667 reviews1,209 followers
August 12, 2012
Charles Bronson was born. They had charged me under my fighting name, not under the name I was born with, Michael Gordon Peterson.

His knife was mightier than his pen. I can't tell you how sad it made me that he thought the officers who charged him under this adopted name did him a favor. He wears it like he wears his mustache, or his prison uniform. Lethal and two steps back in a duck and fight. Charles Bronson means convict, artist, poet, fighter, son, friend. A villain's mustache as biting at the bit and shackles on the feet. You can tell an inmate by the way they walk as if lining up. You can tell a solitary by their fetal position. He only ever really had himself in twenty-eight years of confinement. No one wanted him. Home is where your number is on the wall. They call this one Bronson's. No matter how much he loses he's still Charlie from the cell block. I can't tell you how sad it made me that Bronson imagines making the trip from his prison to his other prisons as a free man. He doesn't think of doing something else. This stone cold womb is giving birth to a still born.

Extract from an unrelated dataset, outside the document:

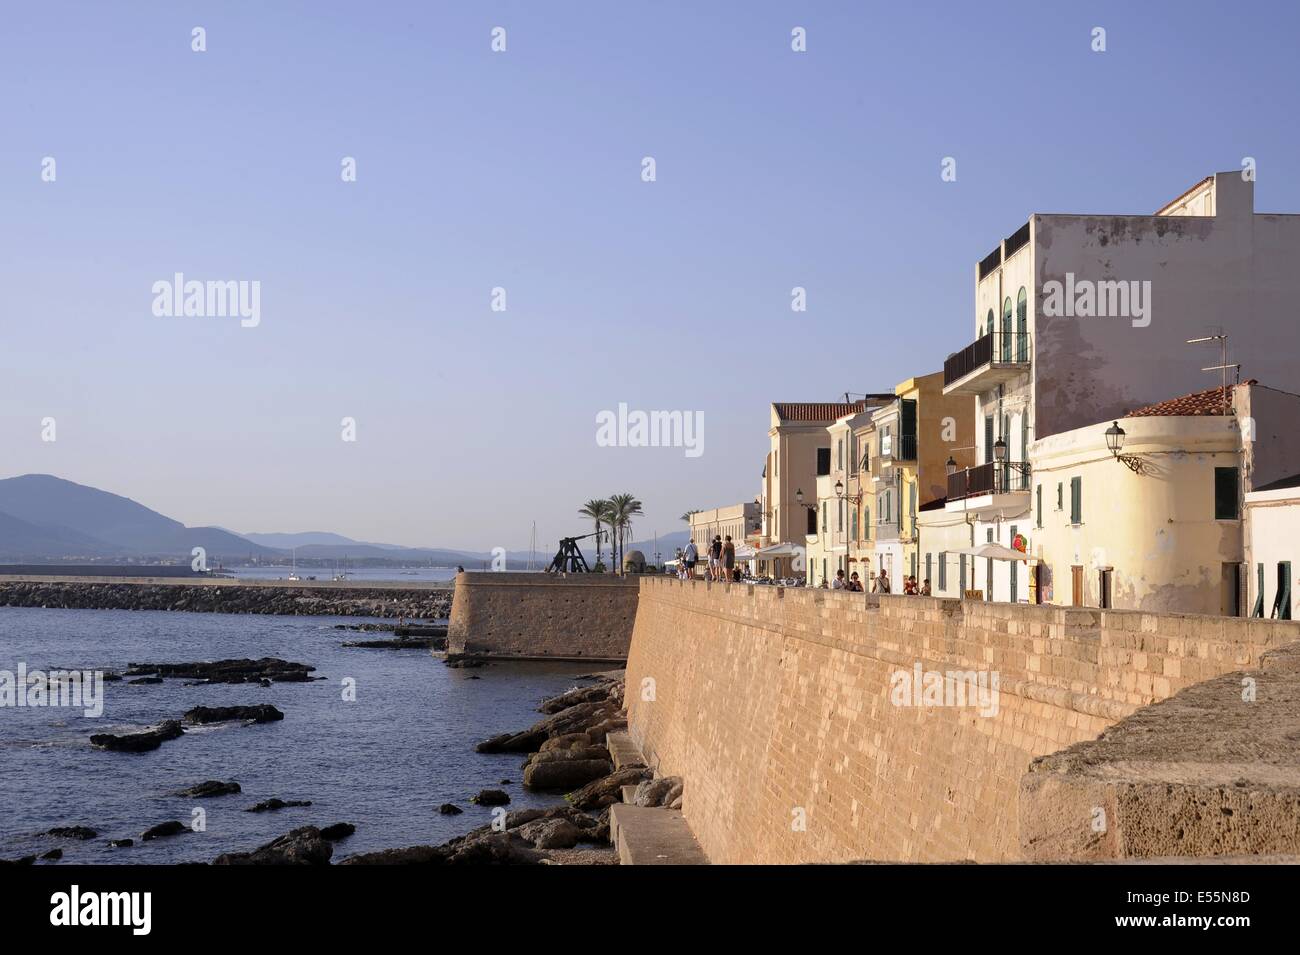 Italy, Sardinia island, Alghero, the old city and medieval walls Stock Photo
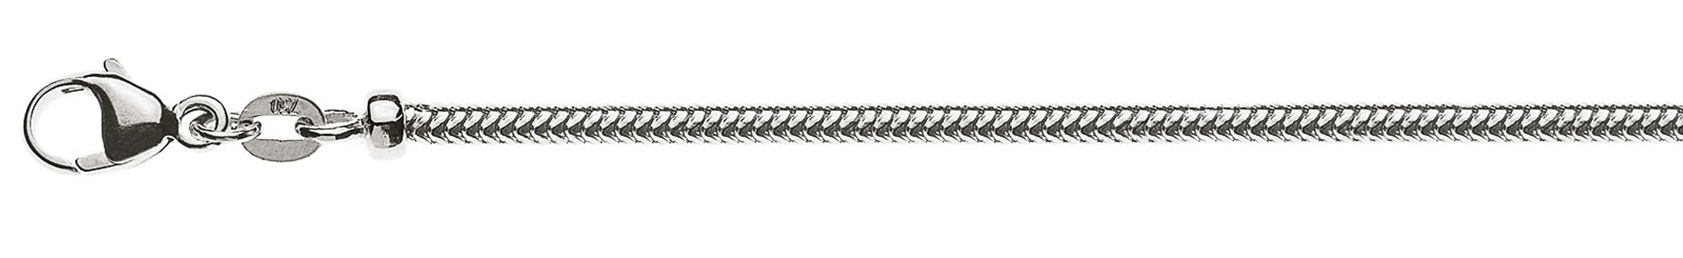 AURONOS Prestige White Gold 18K Snake Chain Necklace 50cm 2.4mm

At the mercy of his low threshold for pain sanity, one fist punching the system and the other beating his face beyond recognition. A mind that doesn't shatter with no hope for other reflections, no matter how far past the welcome dirt mat of hell it goes. The kind of recognition like seeing your own face after decades under a single 20 watt bulb hanging from a cement coffin that's the roof over your head. This isn't real. This isn't happening. You can tell a solitary by how they blink in the sun. All Hannibal Lector ever wanted was a view. He ends up in a cage comparable to that one, although Bronson hates the comparison (he makes it anyway). They had him in a body belt. He'll leave in a body bag. The will to "Fuck you" replaces the might to live. The umbilical chord strangles.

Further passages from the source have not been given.